- **Task prompt**:
An exact copy of the data is required, with no pictures in it.

- **Input data**:
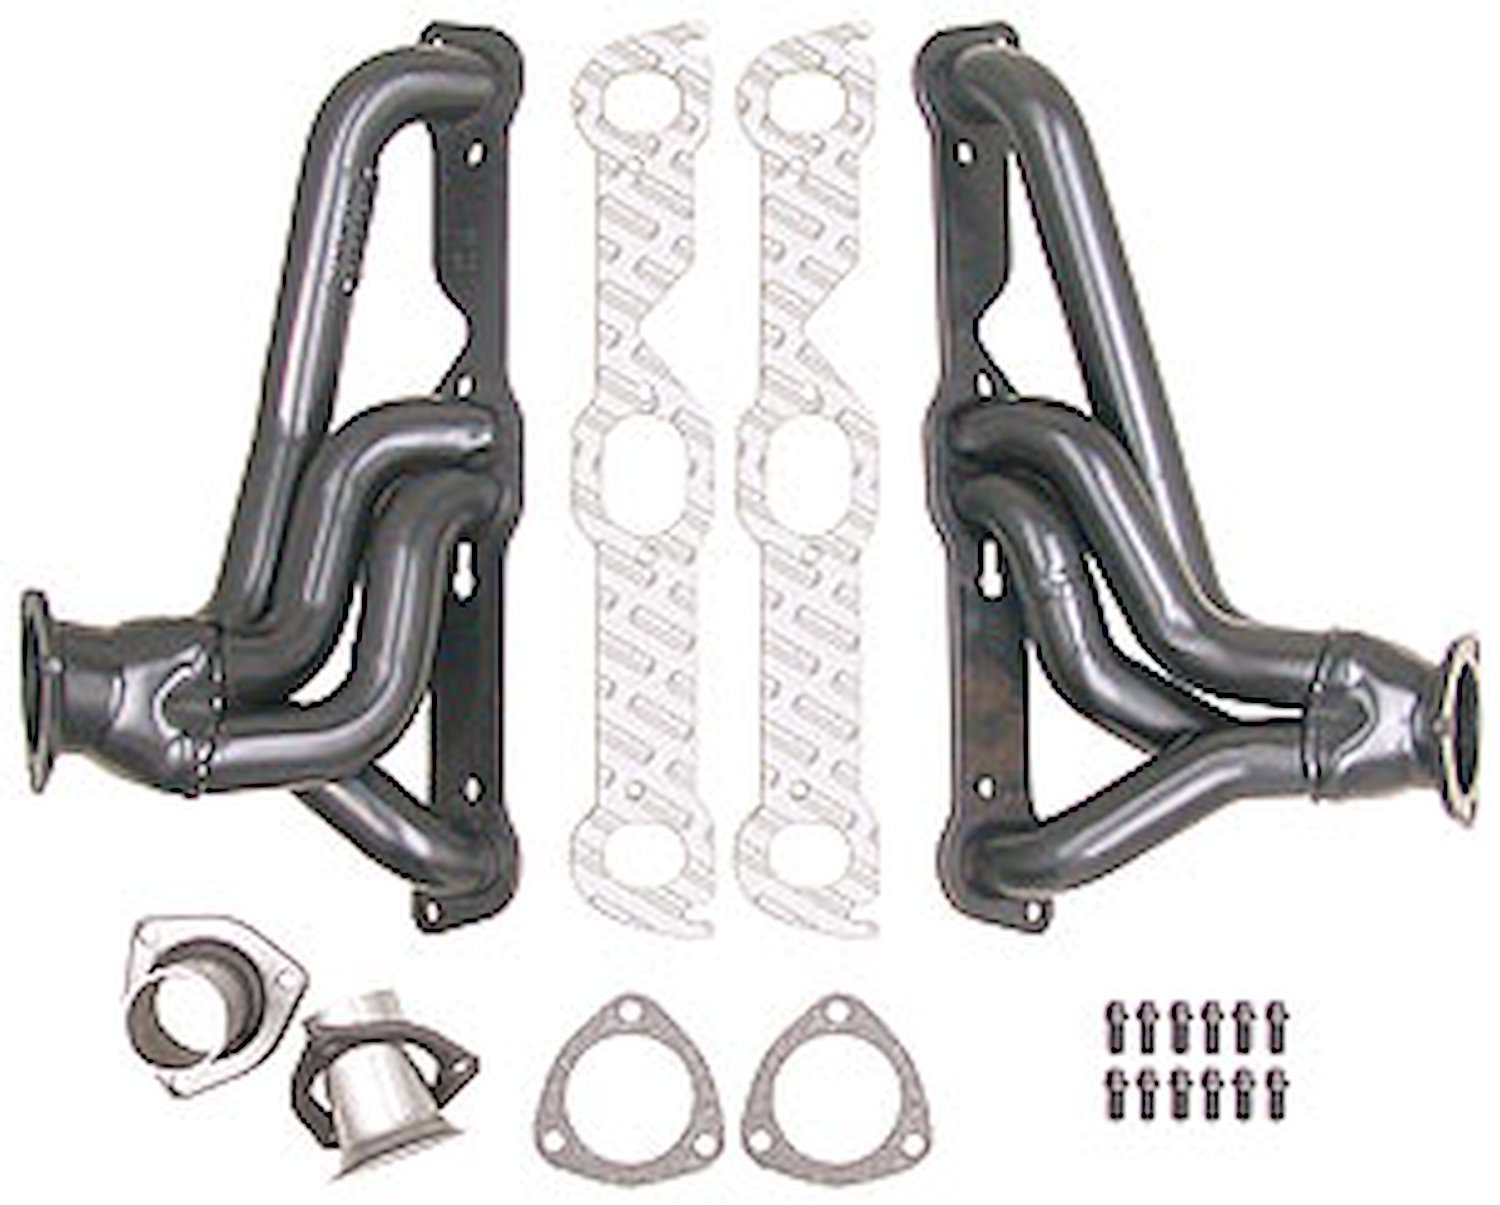 Standard-Duty Uncoated Shorty Headers 1964-72 Pontiac GTO/Le Mans/Tempest 326/389/455
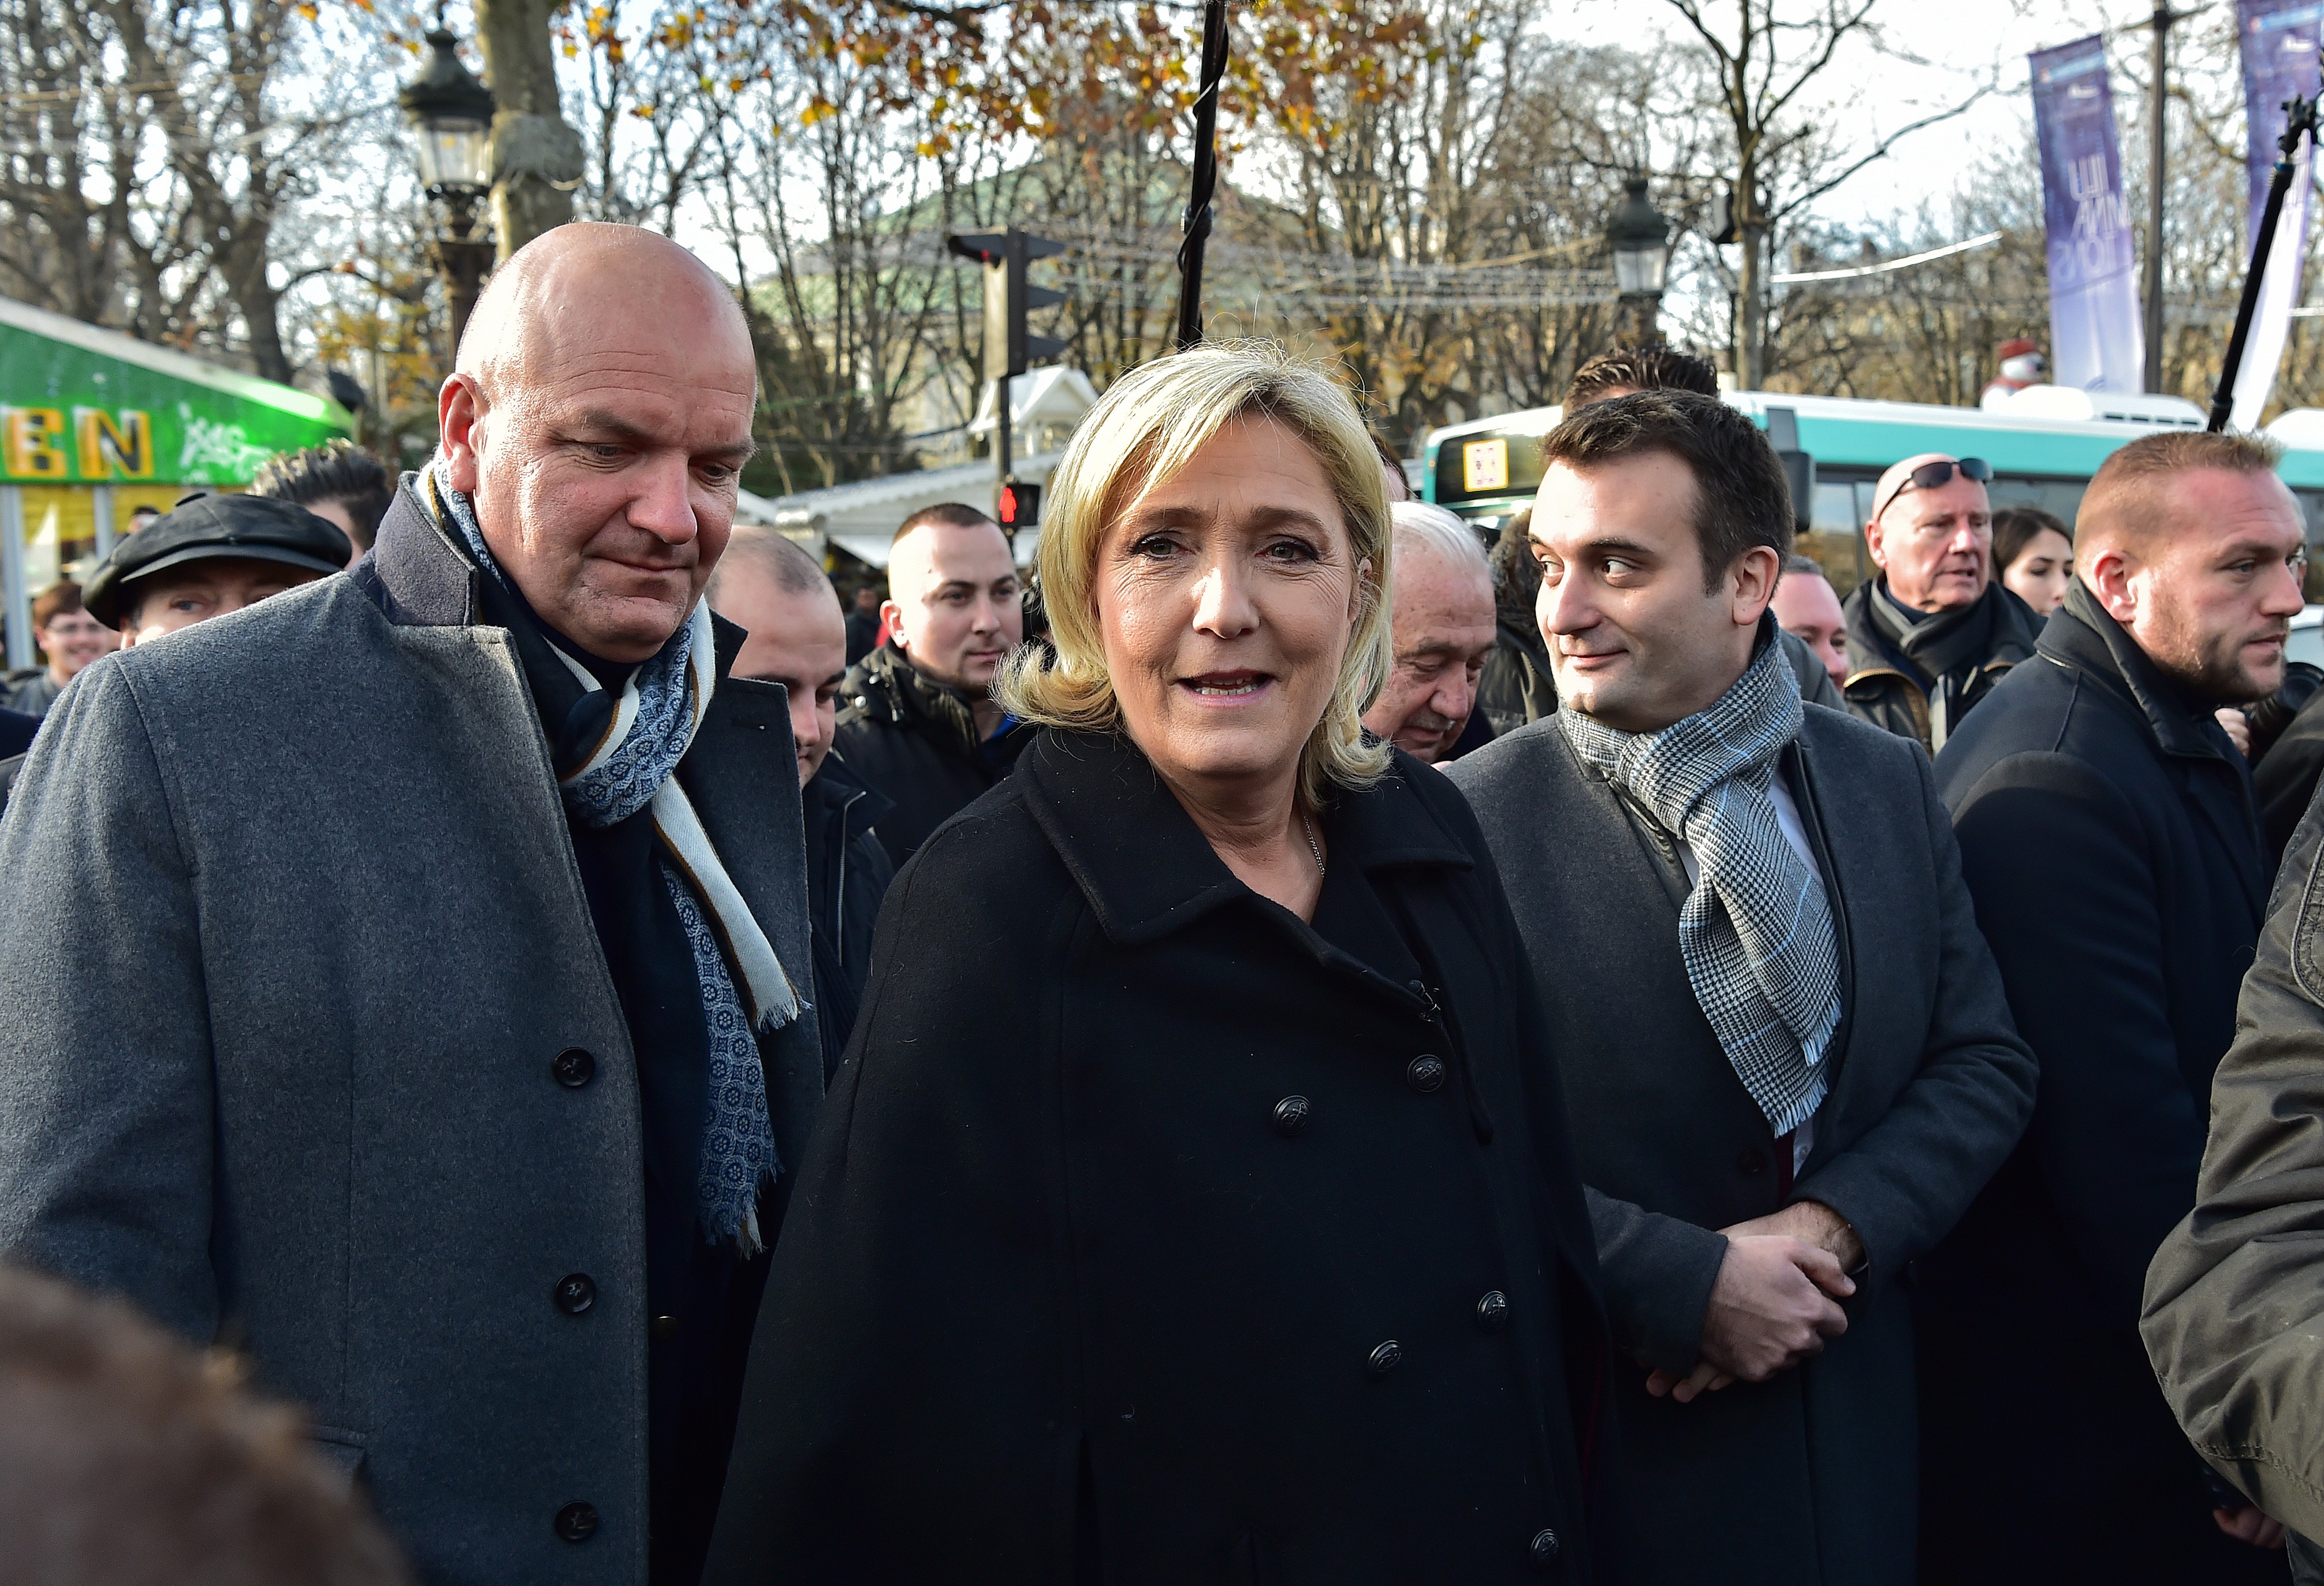 French far-right Front National (FN) party president, member of European Parliament and candidate for France's 2017 presidential election, Marine Le Pen (C) walks along with FN vice-president Florian Philippot (R) during a visit of a Christmas market in Paris on December 8, 2016. (Christophe Archambault—AFP/Getty Images)
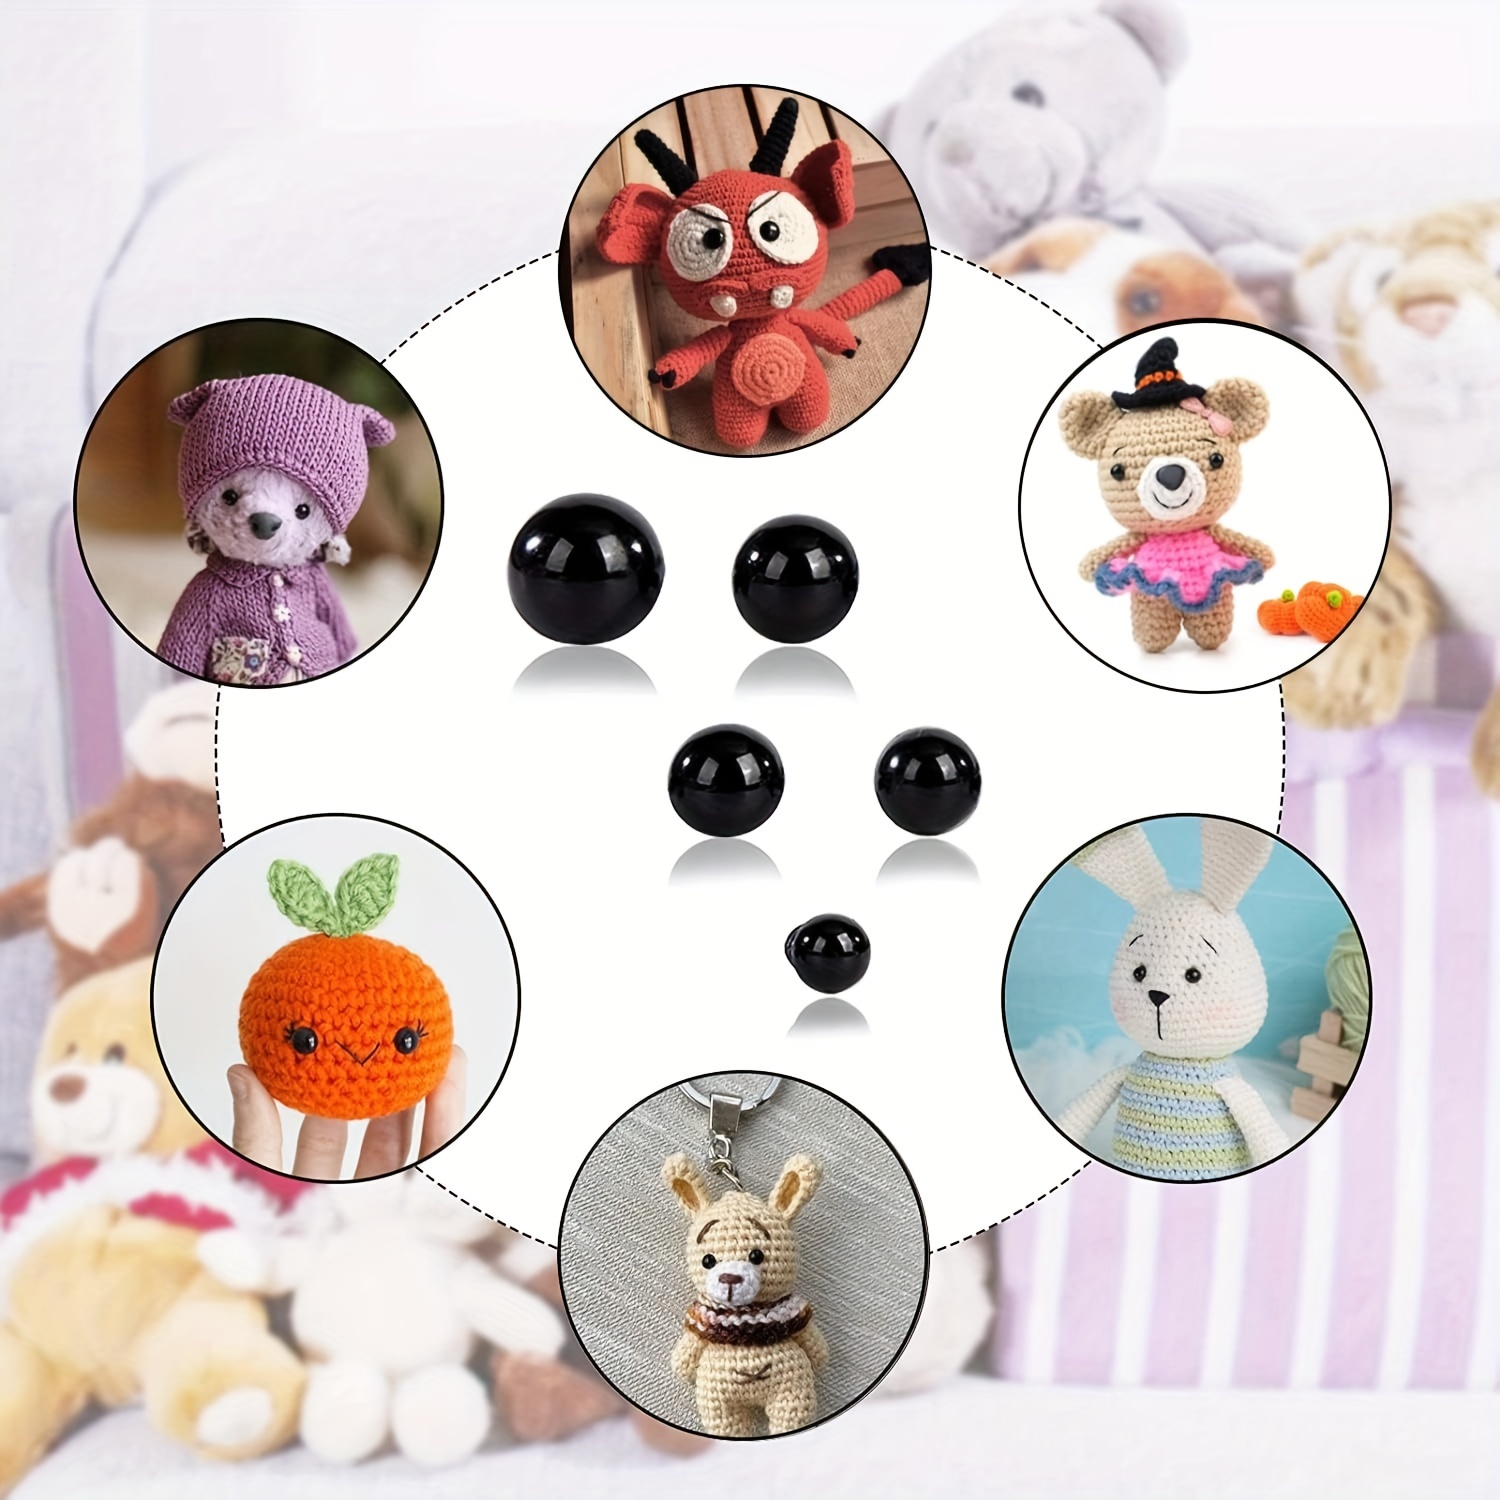 56 Pieces 16-30 Mm Large Safety Eyes for Amigurumi Stuffed Animal Eyes  Plastic Craft Crochet Eyes for DIY of Puppet, Bear, Toy Doll

- **Answer for this exercise**:
 Standard-Duty Uncoated Shorty Headers 1964-72 Pontiac GTO/Le Mans/Tempest 326/389/455
 French far-right Front National (FN) party president, member of European Parliament and candidate for France's 2017 presidential election, Marine Le Pen (C) walks along with FN vice-president Florian Philippot (R) during a visit of a Christmas market in Paris on December 8, 2016. (Christophe Archambault—AFP/Getty Images)
 56 Pieces 16-30 Mm Large Safety Eyes for Amigurumi Stuffed Animal Eyes  Plastic Craft Crochet Eyes for DIY of Puppet, Bear, Toy Doll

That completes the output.